» **How to complete this task**: The output must consist only of the lines from the one with "В этом видео" through the end of the listing, restated exactly and free of pictures.

» **Information provided**:
··········
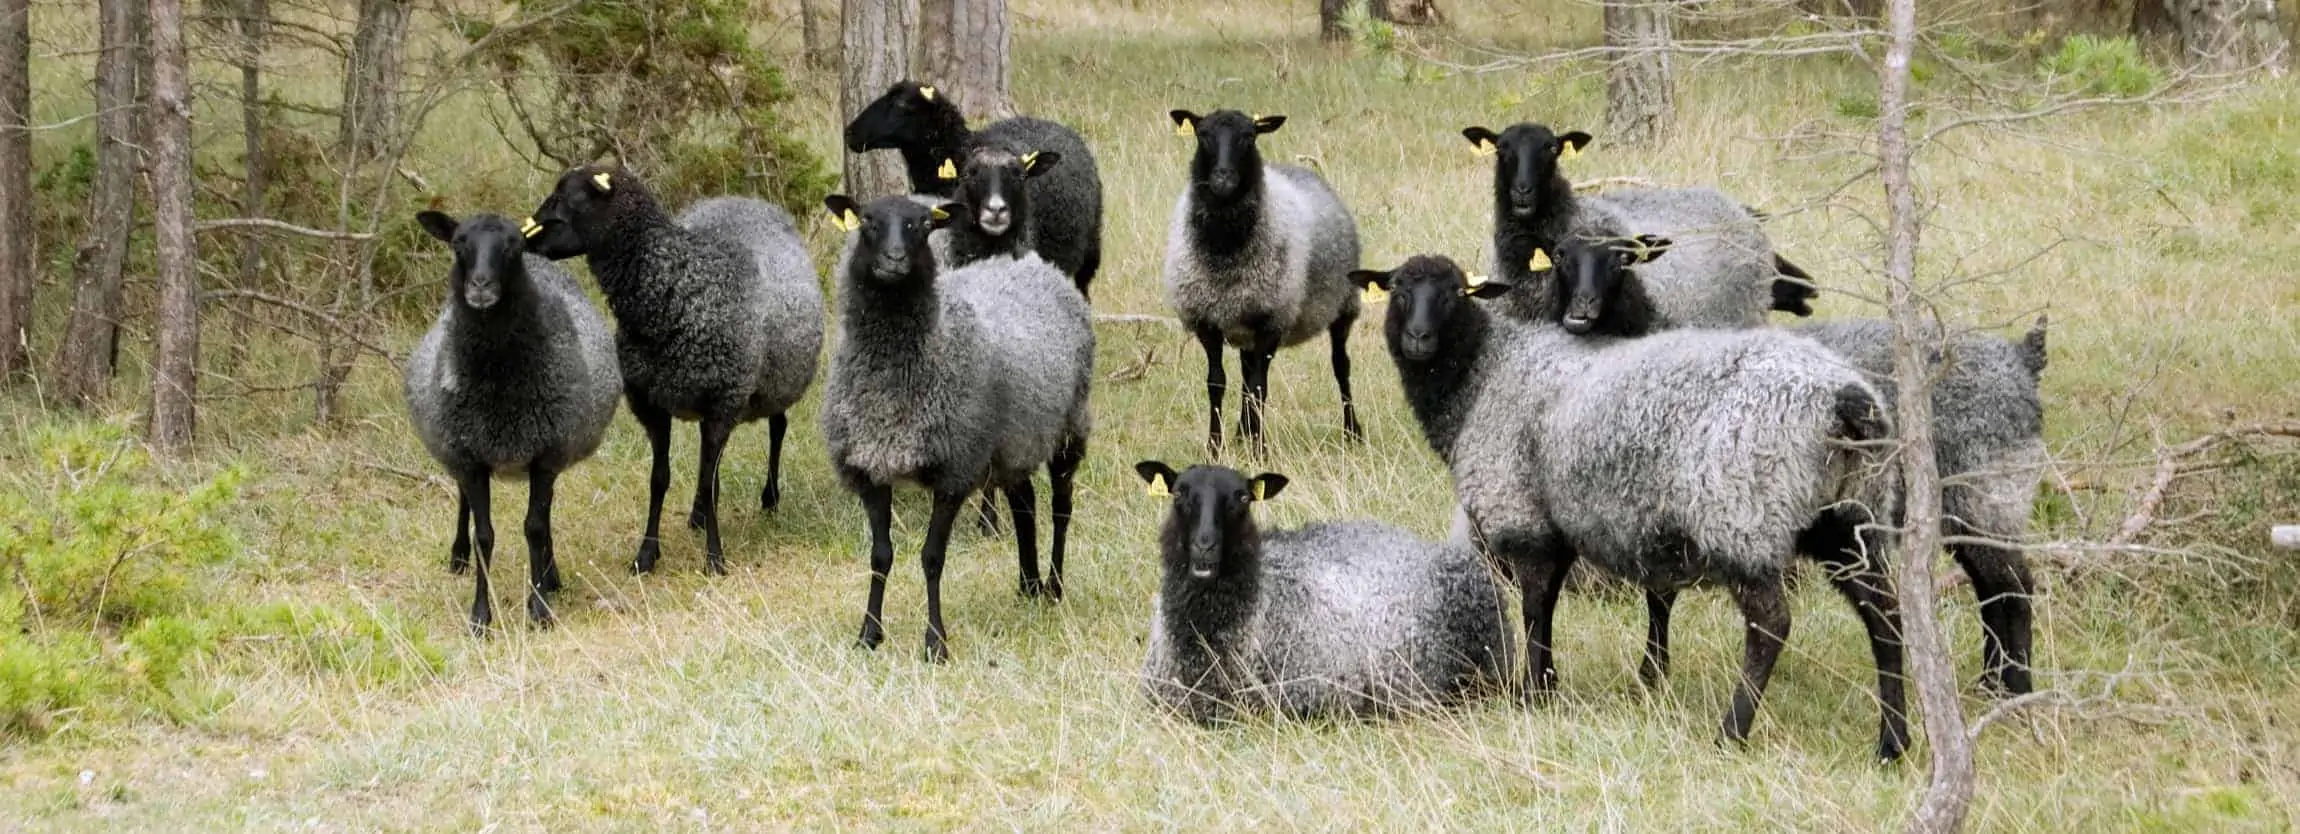 gotlang sheep wool products
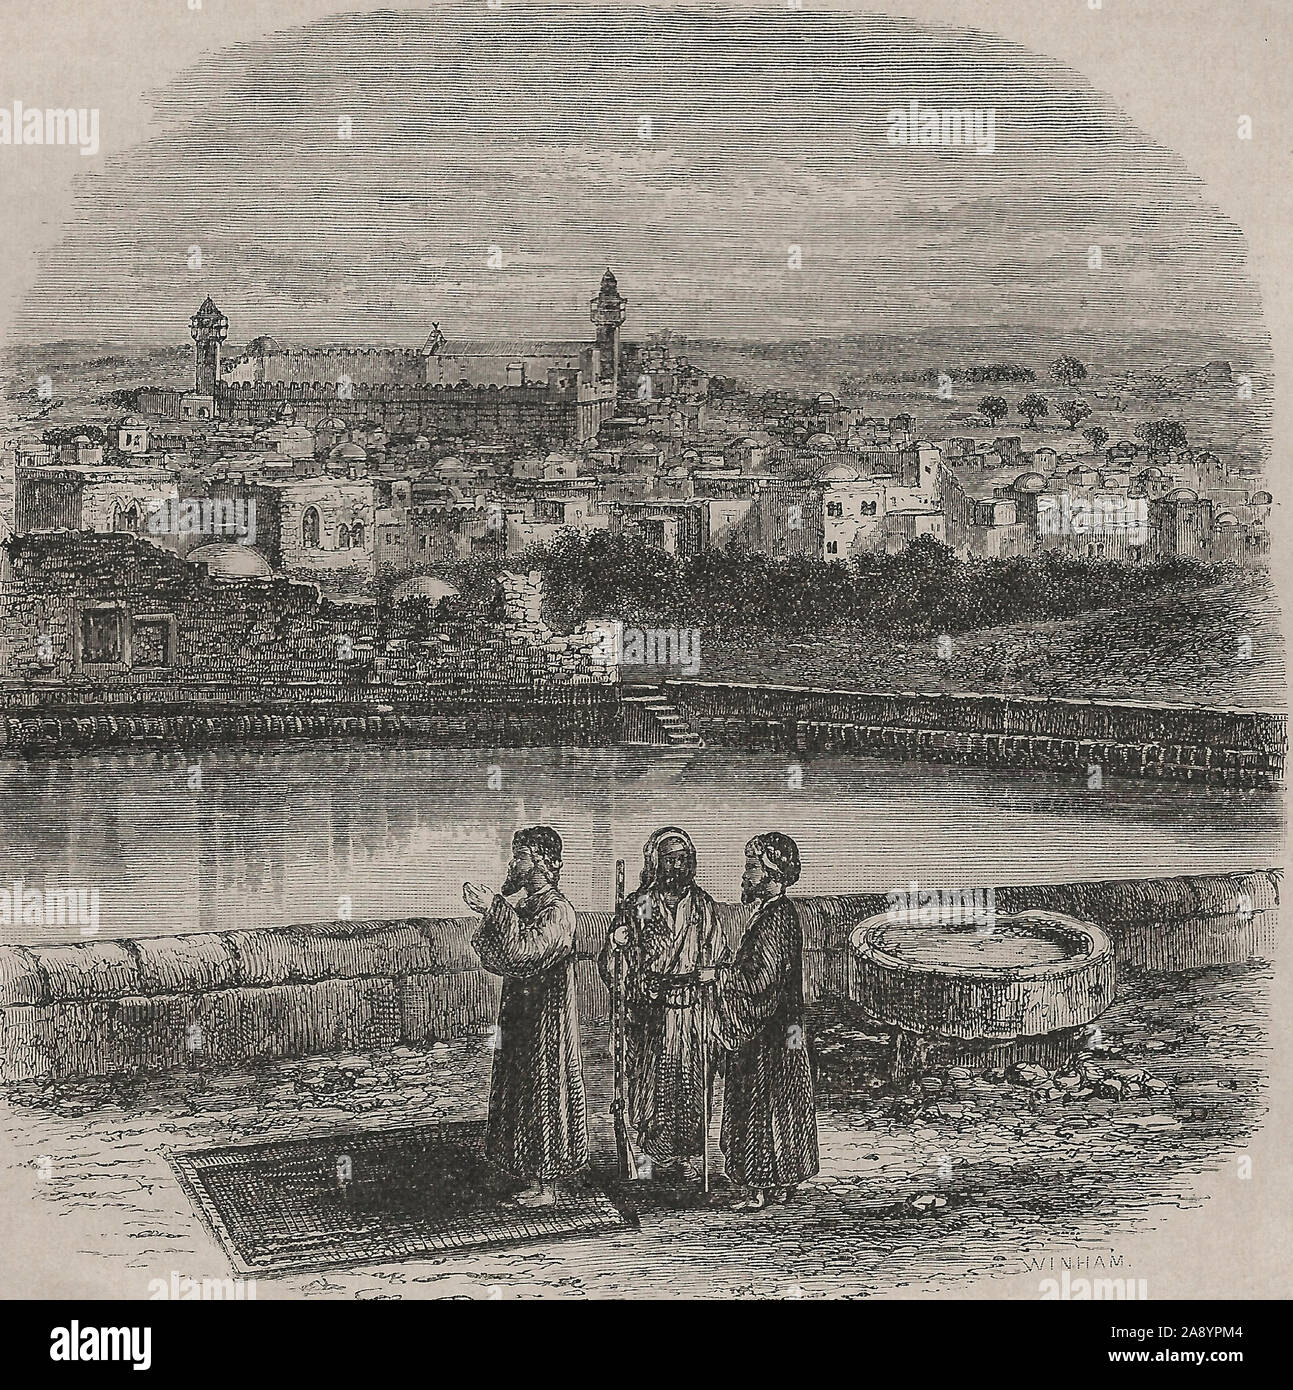 Piscina inferiore di Hebron, Palestina, circa 1880 Foto Stock
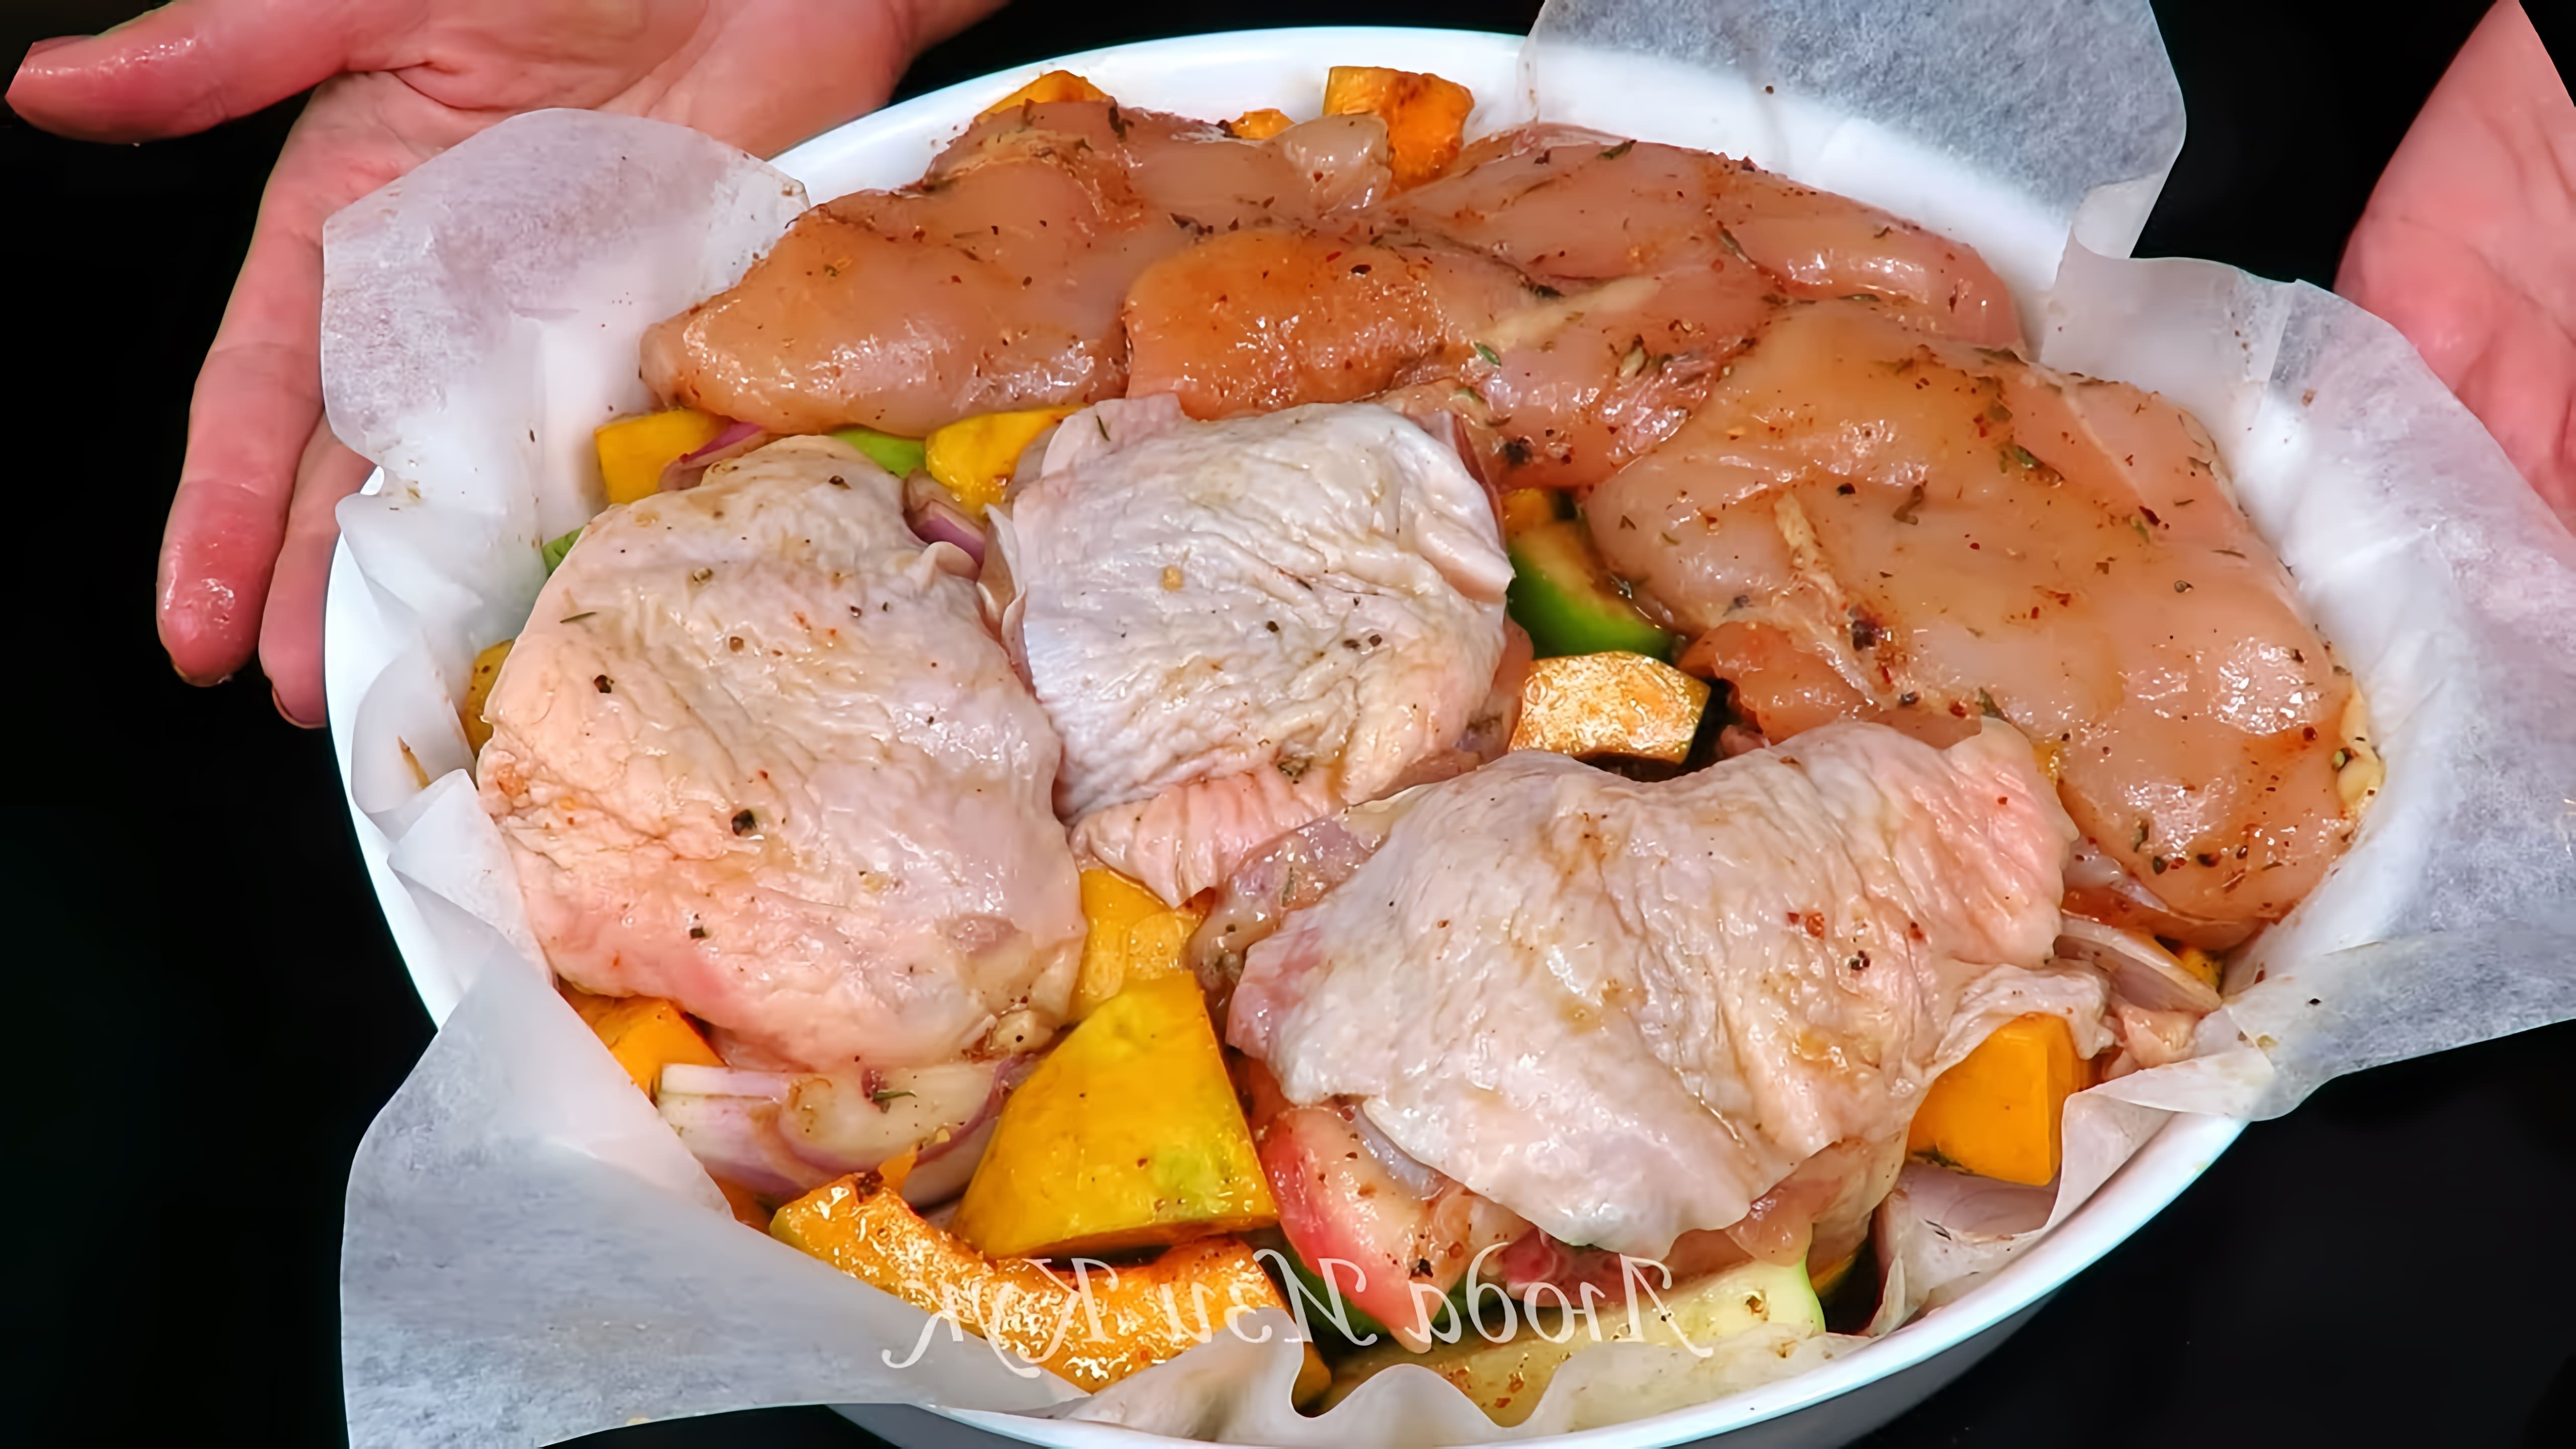 В этом видео демонстрируется процесс приготовления обеда из курицы и тыквы в духовке
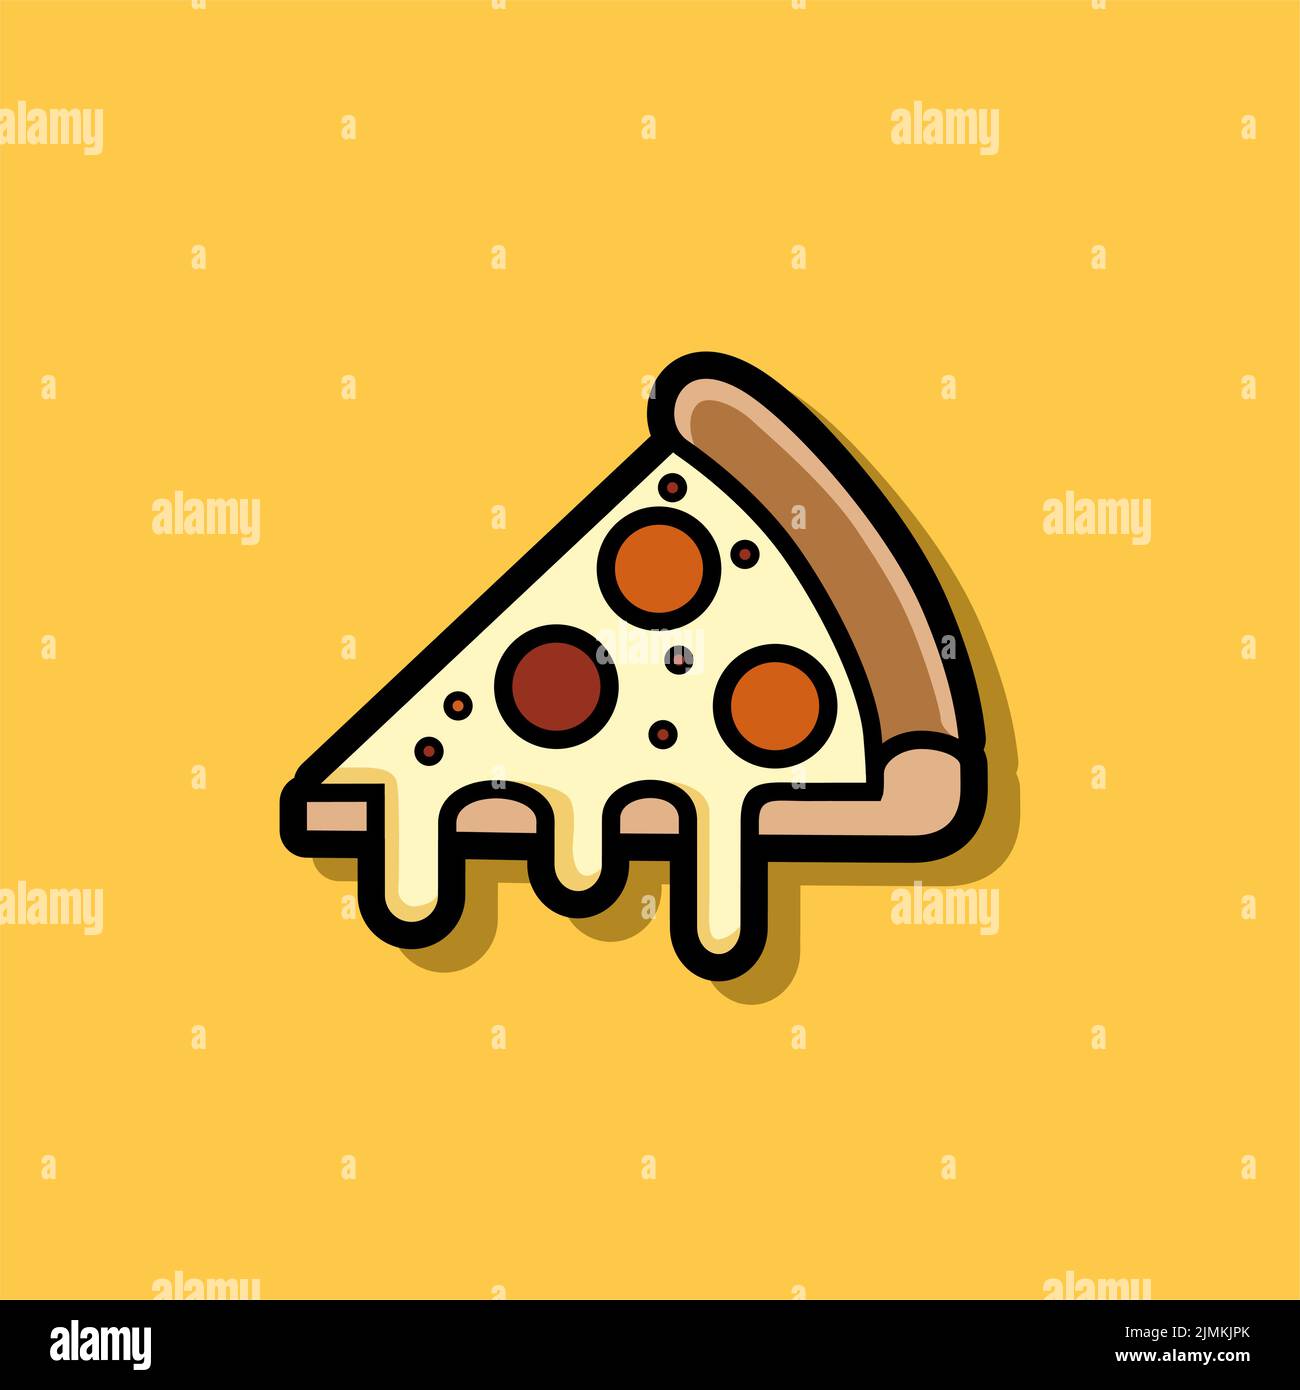 Ilustración de pizza Slice para el menú italiano de pizza o Pizzeria Company Ilustración del Vector
··········
» **Expected answer**:
 В этом видео демонстрируется процесс приготовления обеда из курицы и тыквы в духовке
 Ilustración de pizza Slice para el menú italiano de pizza o Pizzeria Company Ilustración del Vector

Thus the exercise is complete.